В 1850-е годы драматург почти каждое лето наезжал в Щелыково со все возраставшей семьей. Он удрученно наблюдал, как некогда процветавшая под управлением его отца усадьба приходила в упадок. Резко сократилось количество дворовых: с двадцати восьми человек в 1852 году до девяти в 1859 году. Постепенно возникло желание выкупить Щелыково у мачехи; его разделял брат Михаил, успешно делавший административную карьеру; долгие годы он был министром государственных имуществ — в его ведении были все казенные предприятия. В 1867 году братья приобрели Щелыково в совместное пользование. Чрезвычайно дружные, они заключили между собой негласное соглашение, о котором М. Н. Островский писал брату-драматургу 9 января 1869 года: «Летом в Костроме мы совершим купчую на имя нас обоих. Но при этом мне хотелось бы сделать вот что: Щелыковым я и ты дорожим не только как приятным летним местопребыванием, но и как памятью о покойном отце. А потому, пока мы с тобой живы, мы будем владеть им сообща, но, в случае смерти одного из нас, мне хотелось бы, чтобы имение перешло всецело к одному из нас, без участия в нем наследников умершего»[152]. Но сам М. Н. Островский нарушил это соглашение. Он завещал свою долю дочери брата М. А. Шателен, которая и стала в 1901 года владелицей Щелыкова.

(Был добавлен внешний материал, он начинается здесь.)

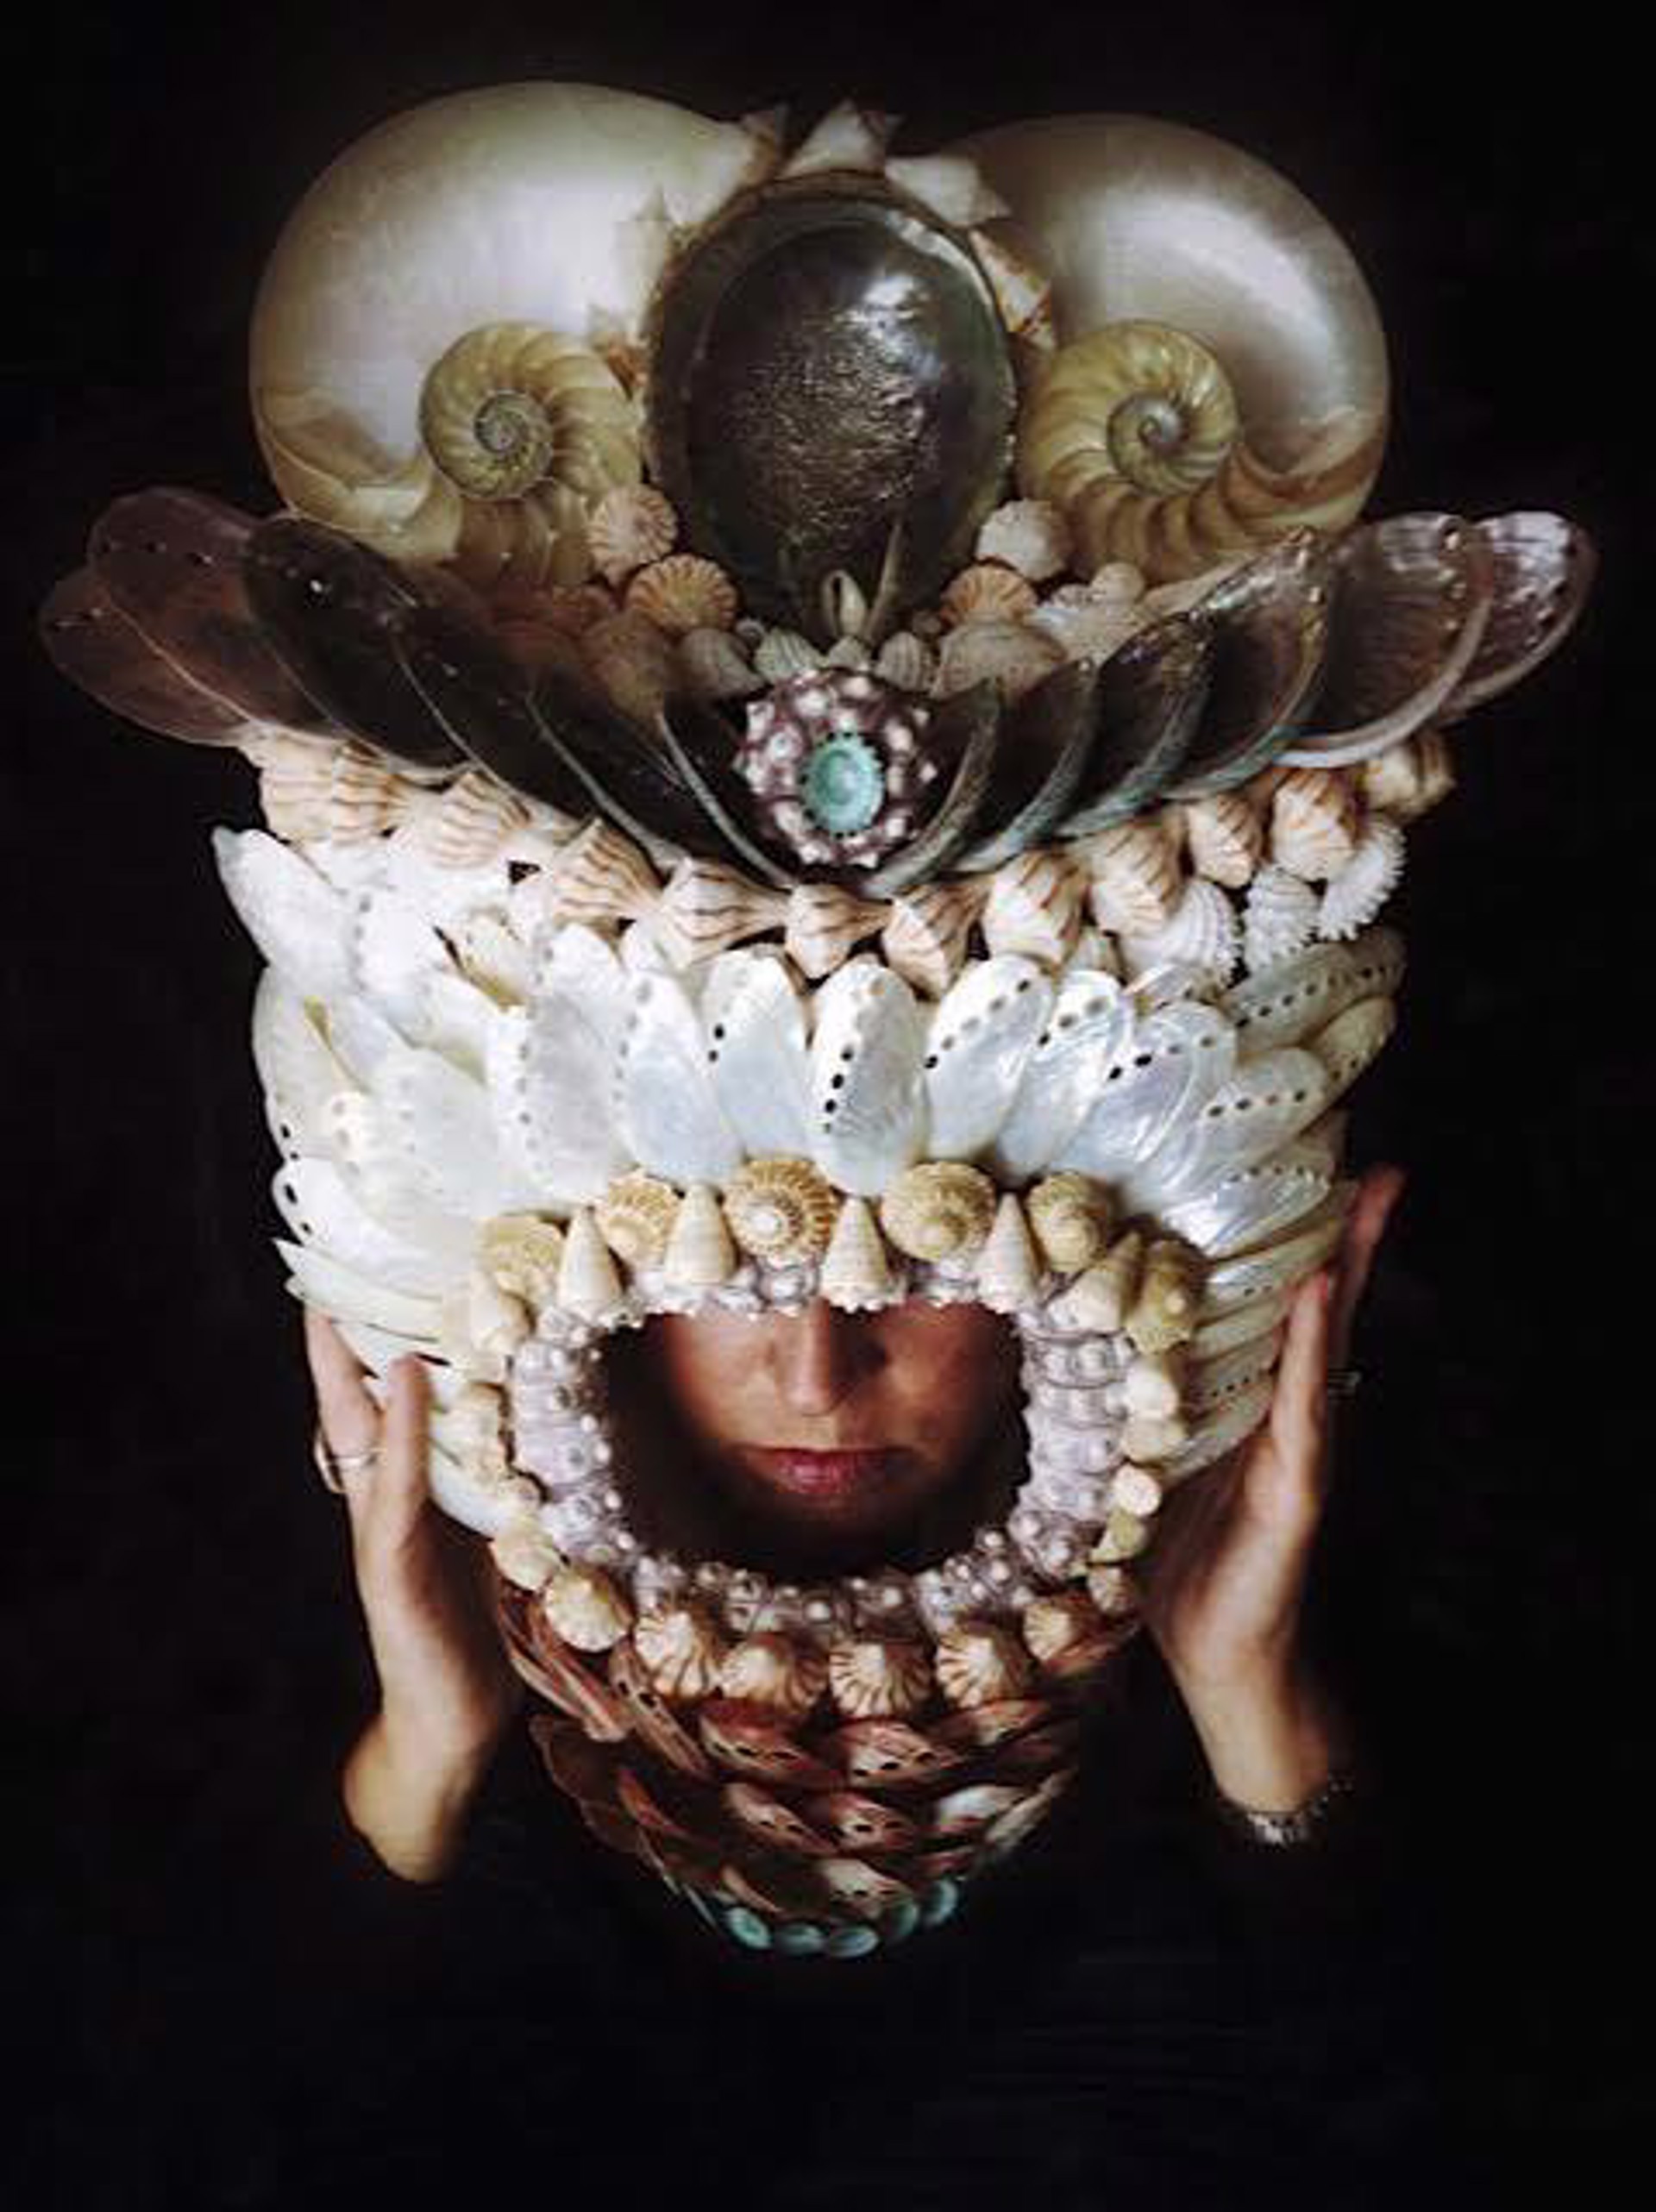 Shell (Headpiece and Armor) by Melissa Meier

Главный дом усадьбы заняла семья драматурга. М. Н. Островский для своих нечастых наездов в Щелыково решил построить отдельный флигель, но его участие ограничилось лишь выдачей денег. Строительством был вынужден заниматься брат; как оно велось, видно из следующих стихотворных строк:

Мне час от часу хуже.

И дела идут туже.

К довершению бед

Архитектора нет,

Планов тоже!

На что это похоже!

А подрядчик там ноет

И дома не строит.

Этот крик о помощи из письма ближайшему приятелю, чиновнику Московской дворцовой конторы Н. А. Дубровскому. Далее жалобы в адрес строительной артели: «Они загуляли с Казанской и пили до Ильина дня, Ильин день и два дня после; на третий день явились пьяные со смирением, слезами и с новоизобретенной фразой: приползаю к стопам вашим»[153] Вскоре самому писателю стало ясно, что хозяйственной жилки у него нет; он махнул на все рукой и целиком доверился жене.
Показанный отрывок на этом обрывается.